***** PROVIDED RECORDS *****
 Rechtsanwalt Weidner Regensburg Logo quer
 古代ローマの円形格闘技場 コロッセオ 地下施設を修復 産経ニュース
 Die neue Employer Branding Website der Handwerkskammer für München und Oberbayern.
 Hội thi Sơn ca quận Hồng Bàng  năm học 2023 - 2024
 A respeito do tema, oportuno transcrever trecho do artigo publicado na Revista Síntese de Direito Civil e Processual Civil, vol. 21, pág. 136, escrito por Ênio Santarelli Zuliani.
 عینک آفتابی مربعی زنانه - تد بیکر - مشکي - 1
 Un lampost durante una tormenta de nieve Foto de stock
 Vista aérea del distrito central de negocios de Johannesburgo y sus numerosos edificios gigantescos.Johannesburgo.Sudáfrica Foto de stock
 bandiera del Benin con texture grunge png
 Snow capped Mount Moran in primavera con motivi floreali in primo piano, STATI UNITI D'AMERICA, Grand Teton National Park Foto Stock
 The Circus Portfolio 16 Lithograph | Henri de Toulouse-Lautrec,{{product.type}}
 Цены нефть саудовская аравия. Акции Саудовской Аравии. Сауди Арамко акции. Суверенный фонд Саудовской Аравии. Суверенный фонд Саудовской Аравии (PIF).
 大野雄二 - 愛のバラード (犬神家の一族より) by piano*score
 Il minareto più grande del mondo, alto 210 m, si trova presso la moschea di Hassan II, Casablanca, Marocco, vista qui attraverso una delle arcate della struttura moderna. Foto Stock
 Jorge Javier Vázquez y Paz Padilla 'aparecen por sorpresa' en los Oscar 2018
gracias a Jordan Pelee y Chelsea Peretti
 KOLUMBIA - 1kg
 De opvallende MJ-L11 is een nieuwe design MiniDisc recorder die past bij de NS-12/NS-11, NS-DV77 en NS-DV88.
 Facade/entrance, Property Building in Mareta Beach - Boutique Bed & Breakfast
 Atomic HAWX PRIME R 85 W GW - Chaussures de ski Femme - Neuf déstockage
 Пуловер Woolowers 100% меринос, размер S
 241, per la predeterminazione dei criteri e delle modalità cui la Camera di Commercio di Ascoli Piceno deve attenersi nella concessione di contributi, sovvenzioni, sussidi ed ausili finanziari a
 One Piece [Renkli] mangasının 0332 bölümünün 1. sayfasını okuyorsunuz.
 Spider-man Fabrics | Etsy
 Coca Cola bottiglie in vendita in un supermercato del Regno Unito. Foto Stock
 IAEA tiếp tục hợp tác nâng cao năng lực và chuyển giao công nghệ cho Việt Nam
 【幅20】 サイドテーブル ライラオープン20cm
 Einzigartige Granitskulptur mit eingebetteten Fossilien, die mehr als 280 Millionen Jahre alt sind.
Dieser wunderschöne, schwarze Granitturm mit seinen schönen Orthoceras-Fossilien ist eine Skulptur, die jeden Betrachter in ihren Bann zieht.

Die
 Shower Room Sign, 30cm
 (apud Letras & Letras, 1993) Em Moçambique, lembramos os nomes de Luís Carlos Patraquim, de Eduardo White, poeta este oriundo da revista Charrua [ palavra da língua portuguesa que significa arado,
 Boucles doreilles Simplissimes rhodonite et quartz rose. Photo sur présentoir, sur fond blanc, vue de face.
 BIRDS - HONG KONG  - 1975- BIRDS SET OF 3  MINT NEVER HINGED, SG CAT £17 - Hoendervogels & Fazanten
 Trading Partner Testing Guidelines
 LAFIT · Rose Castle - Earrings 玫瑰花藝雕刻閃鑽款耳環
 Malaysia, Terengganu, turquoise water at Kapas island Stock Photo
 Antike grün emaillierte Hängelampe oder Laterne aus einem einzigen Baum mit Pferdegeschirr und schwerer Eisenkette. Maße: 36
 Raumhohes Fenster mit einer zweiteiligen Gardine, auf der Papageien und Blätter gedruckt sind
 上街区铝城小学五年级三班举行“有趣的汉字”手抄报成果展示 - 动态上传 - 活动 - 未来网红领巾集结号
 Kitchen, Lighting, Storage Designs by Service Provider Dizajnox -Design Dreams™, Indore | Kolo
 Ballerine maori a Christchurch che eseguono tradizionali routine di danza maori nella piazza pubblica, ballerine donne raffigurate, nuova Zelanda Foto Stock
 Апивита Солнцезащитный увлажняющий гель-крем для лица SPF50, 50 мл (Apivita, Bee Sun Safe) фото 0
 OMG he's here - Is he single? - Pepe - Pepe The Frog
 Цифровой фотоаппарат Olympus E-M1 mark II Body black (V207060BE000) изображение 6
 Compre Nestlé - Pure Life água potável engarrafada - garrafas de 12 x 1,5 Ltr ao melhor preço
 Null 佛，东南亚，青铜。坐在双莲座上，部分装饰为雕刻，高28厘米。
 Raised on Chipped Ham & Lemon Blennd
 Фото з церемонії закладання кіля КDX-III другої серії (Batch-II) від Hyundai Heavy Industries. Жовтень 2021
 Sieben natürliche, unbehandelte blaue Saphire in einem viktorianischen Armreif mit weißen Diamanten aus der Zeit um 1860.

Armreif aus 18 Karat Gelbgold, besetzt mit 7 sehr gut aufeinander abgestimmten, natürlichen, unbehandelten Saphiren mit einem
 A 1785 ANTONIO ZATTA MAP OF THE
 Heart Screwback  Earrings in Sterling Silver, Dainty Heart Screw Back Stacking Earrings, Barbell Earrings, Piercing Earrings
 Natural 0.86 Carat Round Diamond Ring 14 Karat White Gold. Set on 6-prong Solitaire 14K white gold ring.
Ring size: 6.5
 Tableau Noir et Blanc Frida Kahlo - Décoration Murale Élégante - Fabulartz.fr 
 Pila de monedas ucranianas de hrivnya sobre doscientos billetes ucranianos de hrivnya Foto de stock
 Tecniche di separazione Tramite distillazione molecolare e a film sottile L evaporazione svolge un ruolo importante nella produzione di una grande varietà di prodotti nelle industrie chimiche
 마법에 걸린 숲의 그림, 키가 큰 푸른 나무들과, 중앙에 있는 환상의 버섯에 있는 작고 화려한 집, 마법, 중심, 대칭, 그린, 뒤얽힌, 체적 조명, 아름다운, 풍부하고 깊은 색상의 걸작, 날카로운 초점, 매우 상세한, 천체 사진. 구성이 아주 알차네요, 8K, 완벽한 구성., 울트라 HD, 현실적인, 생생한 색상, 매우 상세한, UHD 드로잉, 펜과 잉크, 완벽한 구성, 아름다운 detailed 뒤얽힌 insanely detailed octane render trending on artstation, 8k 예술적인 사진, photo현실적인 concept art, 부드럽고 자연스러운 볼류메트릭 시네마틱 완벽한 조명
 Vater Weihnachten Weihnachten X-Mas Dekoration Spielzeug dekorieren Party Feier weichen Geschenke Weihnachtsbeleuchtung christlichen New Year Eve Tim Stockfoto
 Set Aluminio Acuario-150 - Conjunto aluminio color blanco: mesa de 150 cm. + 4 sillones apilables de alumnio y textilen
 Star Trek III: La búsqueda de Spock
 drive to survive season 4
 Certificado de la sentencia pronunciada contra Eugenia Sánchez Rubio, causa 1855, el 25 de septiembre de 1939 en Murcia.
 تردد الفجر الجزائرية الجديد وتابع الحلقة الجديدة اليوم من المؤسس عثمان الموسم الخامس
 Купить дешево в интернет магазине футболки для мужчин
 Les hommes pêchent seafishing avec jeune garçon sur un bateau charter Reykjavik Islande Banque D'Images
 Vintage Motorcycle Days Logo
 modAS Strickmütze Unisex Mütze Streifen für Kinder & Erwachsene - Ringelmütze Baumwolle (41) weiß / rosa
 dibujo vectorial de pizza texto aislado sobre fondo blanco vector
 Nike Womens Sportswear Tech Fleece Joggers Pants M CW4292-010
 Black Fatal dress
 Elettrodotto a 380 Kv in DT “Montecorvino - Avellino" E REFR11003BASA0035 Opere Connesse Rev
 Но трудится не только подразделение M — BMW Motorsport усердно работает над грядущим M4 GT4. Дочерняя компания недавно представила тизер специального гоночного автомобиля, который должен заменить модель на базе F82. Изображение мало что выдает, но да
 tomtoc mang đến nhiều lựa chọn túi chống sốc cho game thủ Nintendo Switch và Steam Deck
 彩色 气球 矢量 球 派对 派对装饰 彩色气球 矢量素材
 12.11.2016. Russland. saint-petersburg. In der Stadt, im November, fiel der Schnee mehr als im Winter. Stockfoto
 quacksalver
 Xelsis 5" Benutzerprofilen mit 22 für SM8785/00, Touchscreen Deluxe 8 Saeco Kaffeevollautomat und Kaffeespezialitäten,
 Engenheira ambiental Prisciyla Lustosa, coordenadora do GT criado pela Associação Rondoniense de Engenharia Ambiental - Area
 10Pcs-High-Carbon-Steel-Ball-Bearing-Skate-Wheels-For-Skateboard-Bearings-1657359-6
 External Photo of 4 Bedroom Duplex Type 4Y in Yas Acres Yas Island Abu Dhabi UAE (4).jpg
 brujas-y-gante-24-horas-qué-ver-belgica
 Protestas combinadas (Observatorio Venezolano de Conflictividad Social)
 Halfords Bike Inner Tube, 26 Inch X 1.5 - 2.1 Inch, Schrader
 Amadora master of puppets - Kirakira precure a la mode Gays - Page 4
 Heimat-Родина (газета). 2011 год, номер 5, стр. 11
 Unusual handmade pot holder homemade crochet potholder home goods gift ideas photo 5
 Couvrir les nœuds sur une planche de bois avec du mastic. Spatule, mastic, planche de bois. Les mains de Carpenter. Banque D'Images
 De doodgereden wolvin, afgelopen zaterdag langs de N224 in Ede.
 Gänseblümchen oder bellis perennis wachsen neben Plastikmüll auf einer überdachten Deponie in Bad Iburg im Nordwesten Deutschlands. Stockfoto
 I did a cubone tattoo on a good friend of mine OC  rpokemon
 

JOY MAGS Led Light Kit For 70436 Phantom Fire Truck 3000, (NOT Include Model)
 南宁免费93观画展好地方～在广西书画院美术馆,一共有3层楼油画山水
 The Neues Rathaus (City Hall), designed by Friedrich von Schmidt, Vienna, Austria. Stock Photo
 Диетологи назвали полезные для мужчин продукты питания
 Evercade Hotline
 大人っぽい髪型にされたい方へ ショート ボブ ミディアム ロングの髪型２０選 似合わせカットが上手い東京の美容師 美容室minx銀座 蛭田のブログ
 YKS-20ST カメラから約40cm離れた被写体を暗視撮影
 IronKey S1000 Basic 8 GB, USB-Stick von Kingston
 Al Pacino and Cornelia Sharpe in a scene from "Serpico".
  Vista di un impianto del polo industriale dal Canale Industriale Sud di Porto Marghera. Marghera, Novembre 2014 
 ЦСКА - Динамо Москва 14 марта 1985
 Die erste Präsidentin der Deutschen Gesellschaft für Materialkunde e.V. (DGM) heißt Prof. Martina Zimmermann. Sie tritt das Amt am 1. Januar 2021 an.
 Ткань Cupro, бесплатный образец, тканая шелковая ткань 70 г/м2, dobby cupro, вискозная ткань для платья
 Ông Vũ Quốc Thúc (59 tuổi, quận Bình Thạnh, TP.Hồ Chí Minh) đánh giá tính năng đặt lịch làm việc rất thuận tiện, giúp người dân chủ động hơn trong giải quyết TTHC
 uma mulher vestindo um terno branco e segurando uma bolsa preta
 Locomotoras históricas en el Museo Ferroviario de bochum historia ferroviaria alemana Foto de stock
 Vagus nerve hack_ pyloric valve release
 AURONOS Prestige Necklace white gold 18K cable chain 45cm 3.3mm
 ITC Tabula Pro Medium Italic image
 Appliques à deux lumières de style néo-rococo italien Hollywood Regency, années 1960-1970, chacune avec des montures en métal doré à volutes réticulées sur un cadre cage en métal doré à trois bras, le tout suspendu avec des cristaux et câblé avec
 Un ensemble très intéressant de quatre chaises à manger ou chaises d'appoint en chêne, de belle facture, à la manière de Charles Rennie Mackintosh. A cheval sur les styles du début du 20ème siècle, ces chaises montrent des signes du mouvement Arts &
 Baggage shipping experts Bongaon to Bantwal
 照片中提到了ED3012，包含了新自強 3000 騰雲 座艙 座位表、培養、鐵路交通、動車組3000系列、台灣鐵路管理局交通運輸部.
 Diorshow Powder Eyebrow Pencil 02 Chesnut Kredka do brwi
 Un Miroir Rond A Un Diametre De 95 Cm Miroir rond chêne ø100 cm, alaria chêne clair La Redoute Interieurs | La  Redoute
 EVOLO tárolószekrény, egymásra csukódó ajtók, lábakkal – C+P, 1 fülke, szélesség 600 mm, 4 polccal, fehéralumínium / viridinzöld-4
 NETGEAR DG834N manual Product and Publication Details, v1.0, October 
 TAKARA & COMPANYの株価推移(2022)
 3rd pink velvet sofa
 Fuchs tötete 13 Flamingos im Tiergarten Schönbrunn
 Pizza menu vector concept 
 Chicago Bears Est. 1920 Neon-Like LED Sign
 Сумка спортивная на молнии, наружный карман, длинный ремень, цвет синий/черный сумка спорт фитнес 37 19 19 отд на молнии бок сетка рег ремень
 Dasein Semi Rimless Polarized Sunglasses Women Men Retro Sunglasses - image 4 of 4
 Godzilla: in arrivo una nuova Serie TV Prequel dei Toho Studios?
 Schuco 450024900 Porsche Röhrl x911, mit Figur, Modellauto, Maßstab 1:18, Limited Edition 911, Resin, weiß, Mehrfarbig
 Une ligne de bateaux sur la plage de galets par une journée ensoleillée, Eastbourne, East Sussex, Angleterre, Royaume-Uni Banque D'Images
*****
TASK BRIEF - Reproduce the lines above, beginning at the line with "De doodgereden wolvin, afgelopen" and stopping after the line with "JOY MAGS Led", exactly as they are.

EXERCISE OUTPUT -
 De doodgereden wolvin, afgelopen zaterdag langs de N224 in Ede.
 Gänseblümchen oder bellis perennis wachsen neben Plastikmüll auf einer überdachten Deponie in Bad Iburg im Nordwesten Deutschlands. Stockfoto
 I did a cubone tattoo on a good friend of mine OC  rpokemon
 

JOY MAGS Led Light Kit For 70436 Phantom Fire Truck 3000, (NOT Include Model)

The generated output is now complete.